Information shown →

----

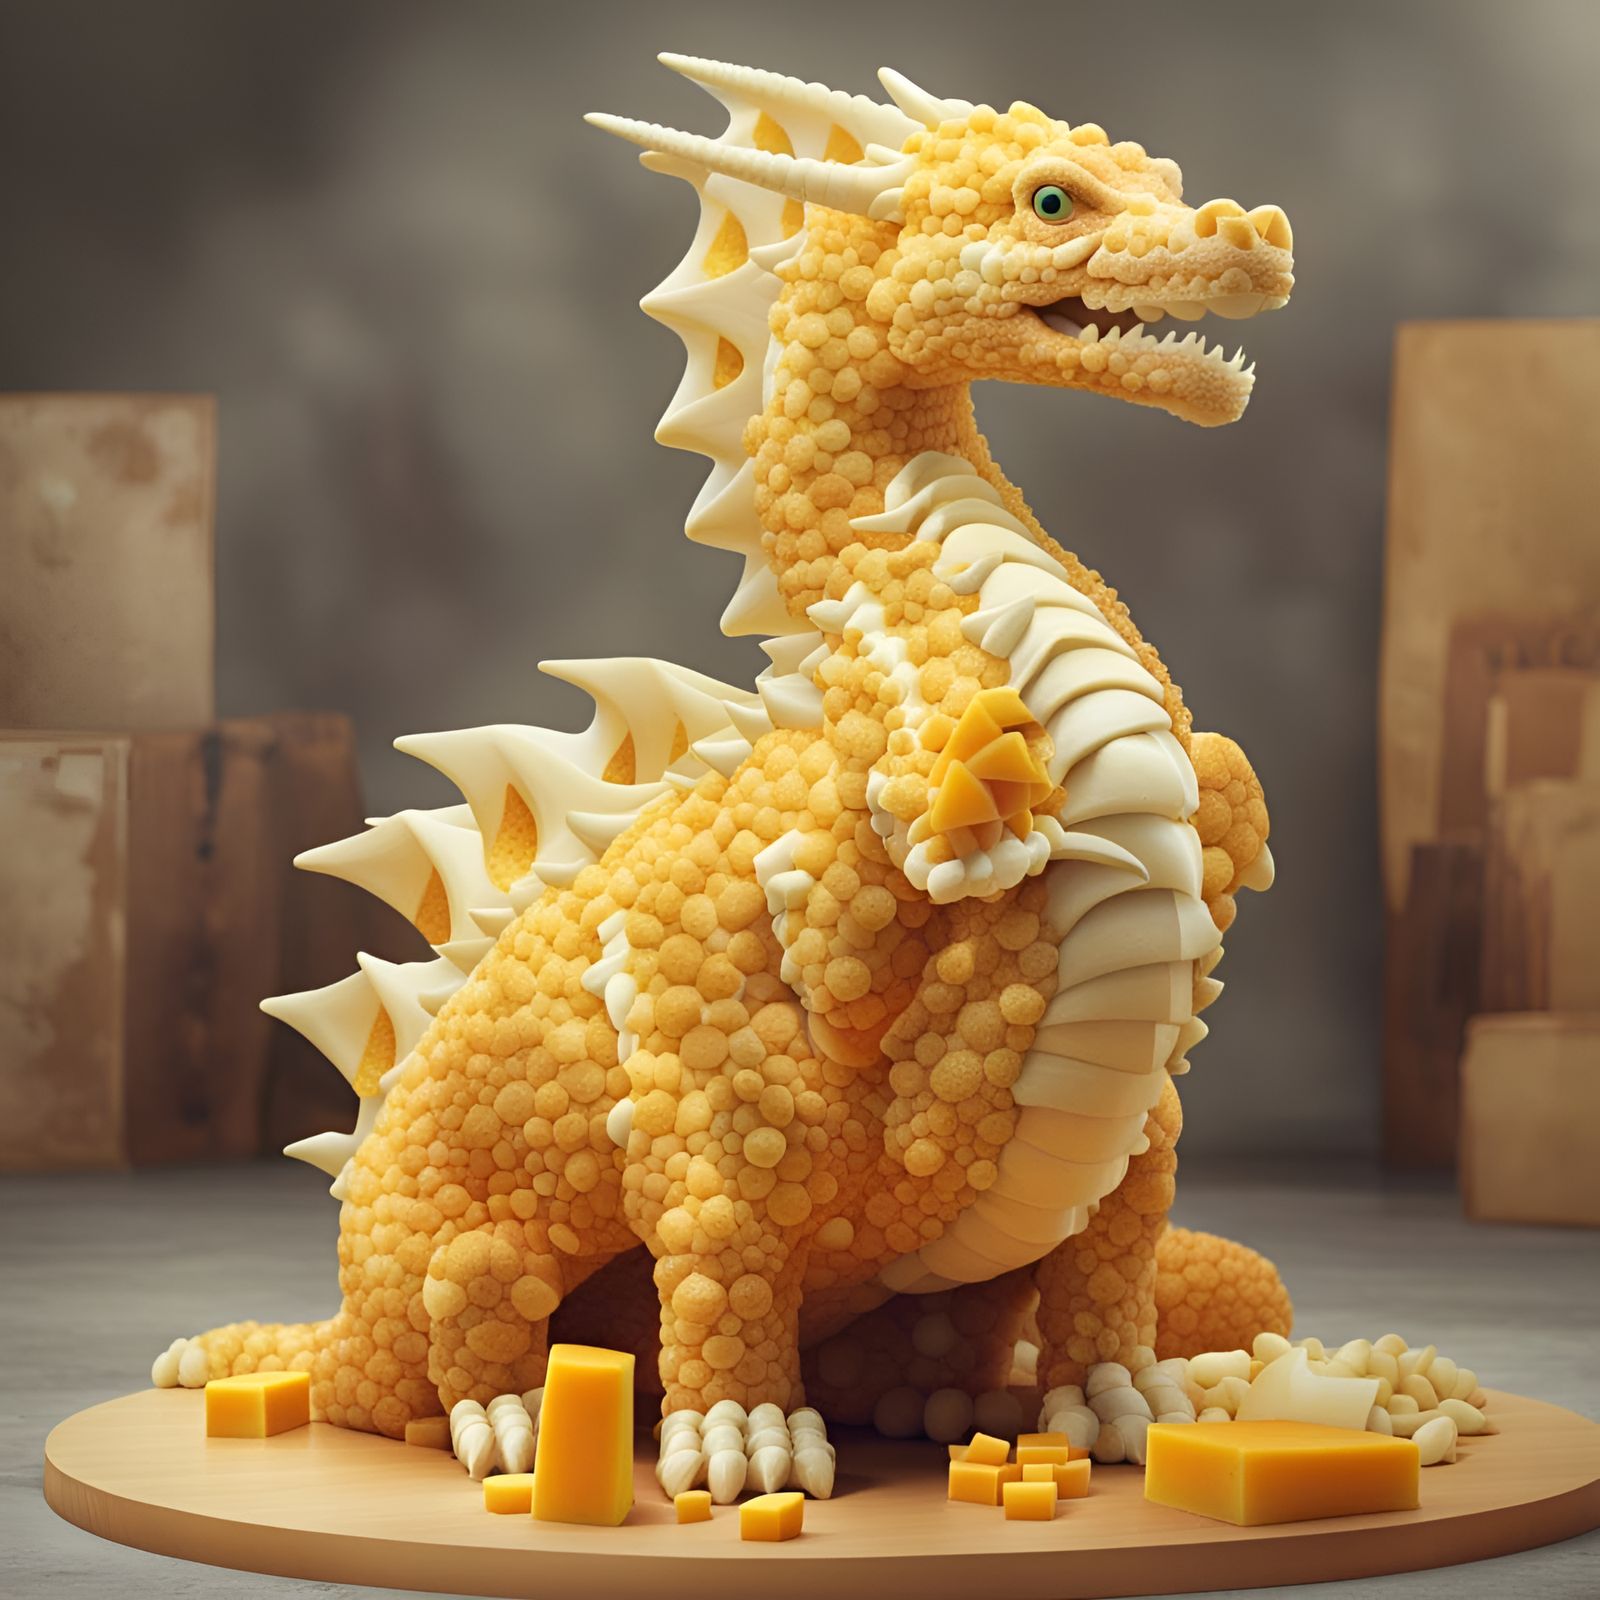 Cheddar Cheese Dragon
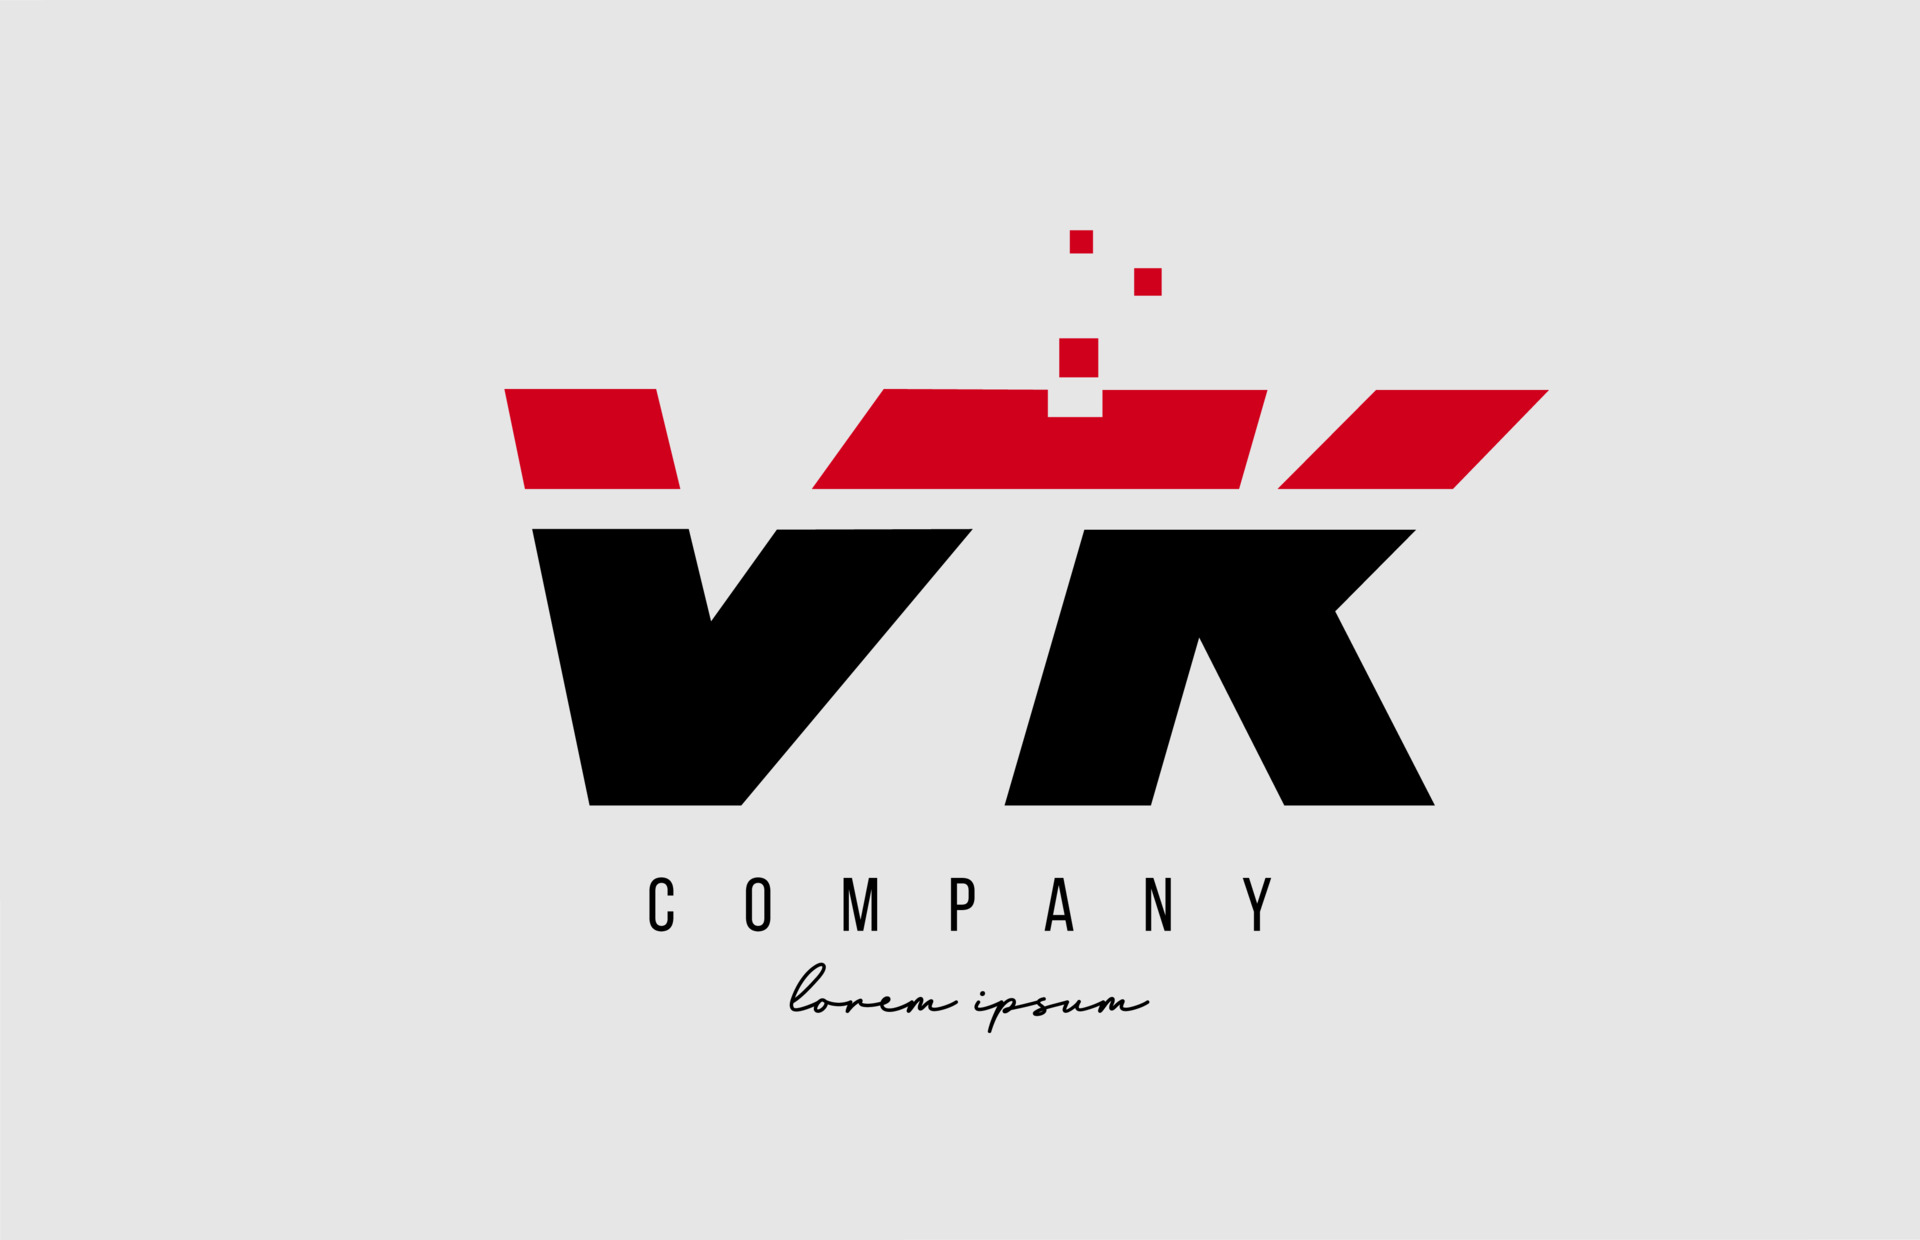 logotipo da letra vk. modelo de vetor de design de logotipo de
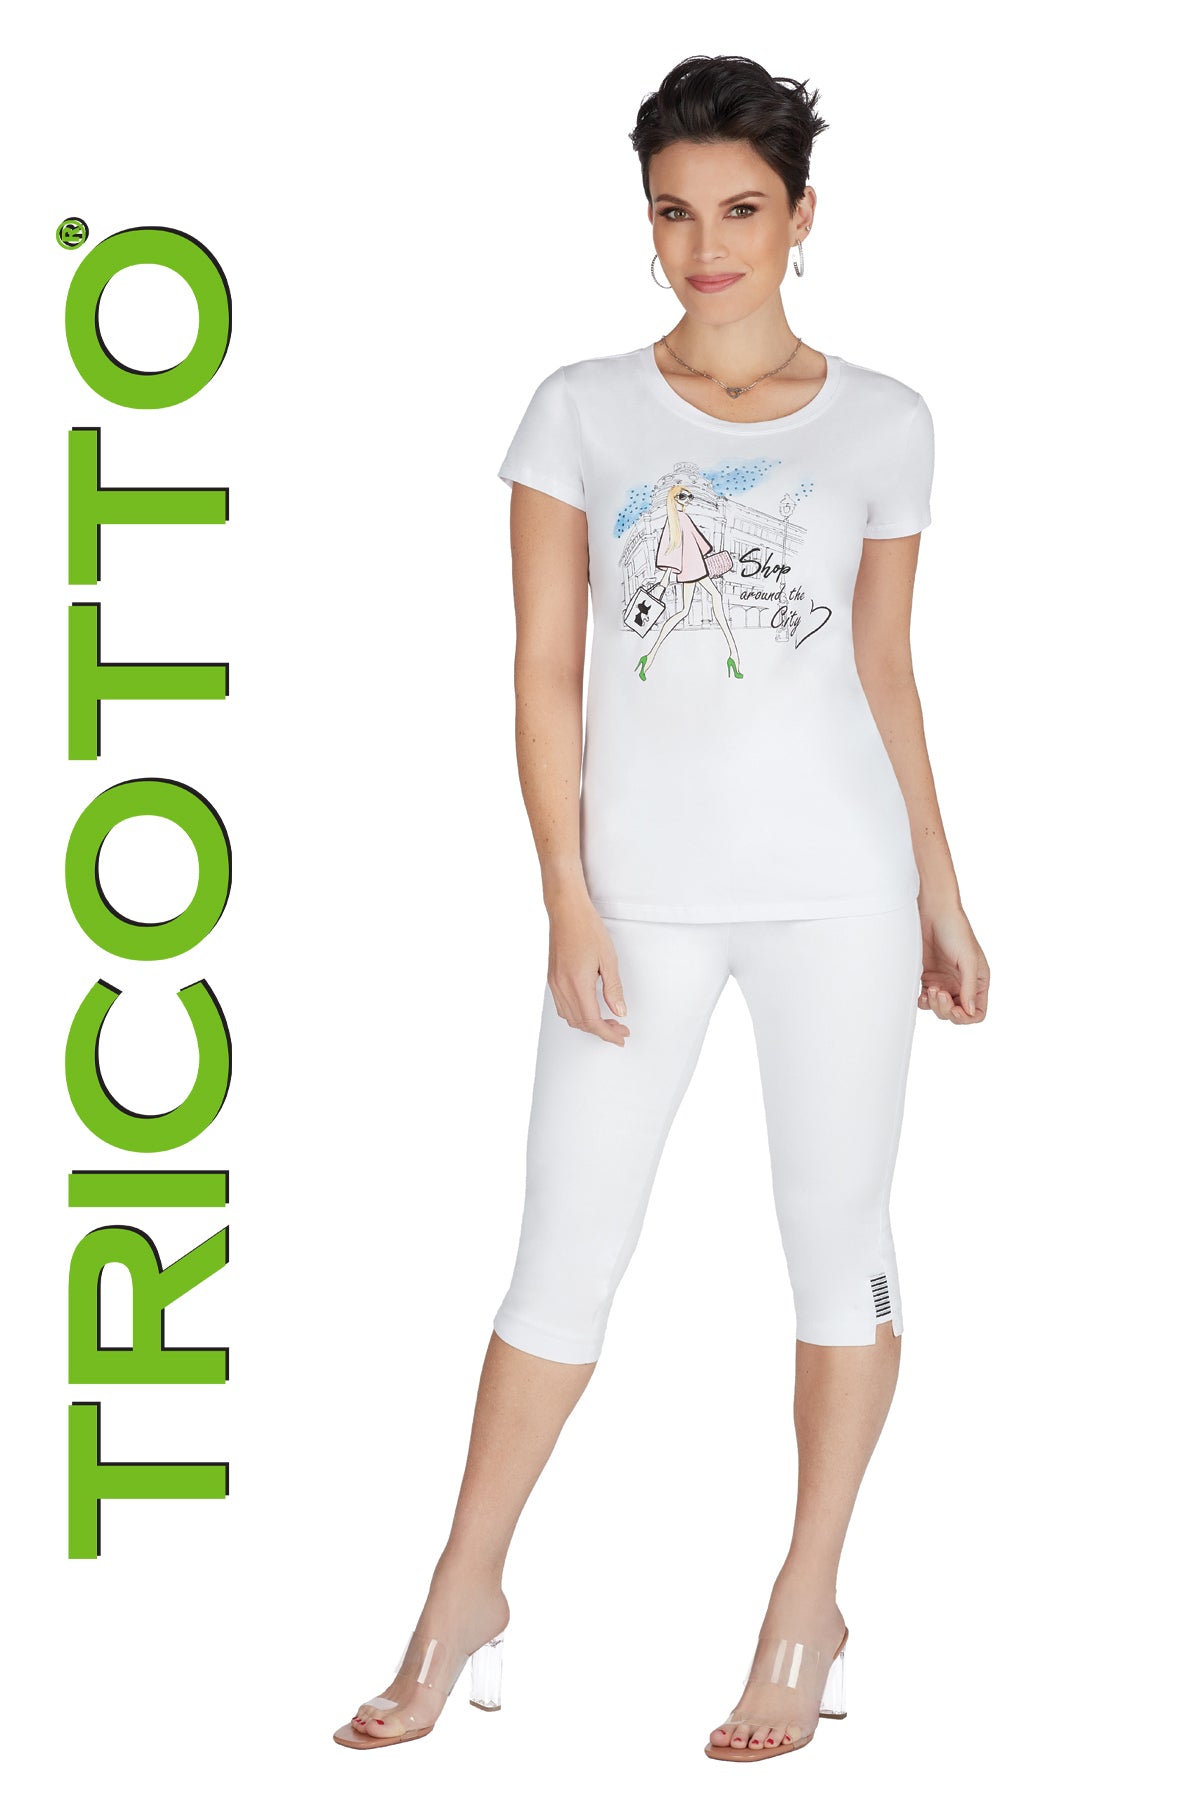 Tricotto White Capris-Tricotto Green Capris-Buy Tricotto Capris Online-Tricotto Clothing Montreal-Tricotto Clothing Quebec-Tricotto Online Shop

----

Work task →
Copy the whole of the material above exactly, but not its images.

Task result →
 Cheddar Cheese Dragon
 logotipo da letra vk. modelo de vetor de design de logotipo de
 Tricotto White Capris-Tricotto Green Capris-Buy Tricotto Capris Online-Tricotto Clothing Montreal-Tricotto Clothing Quebec-Tricotto Online Shop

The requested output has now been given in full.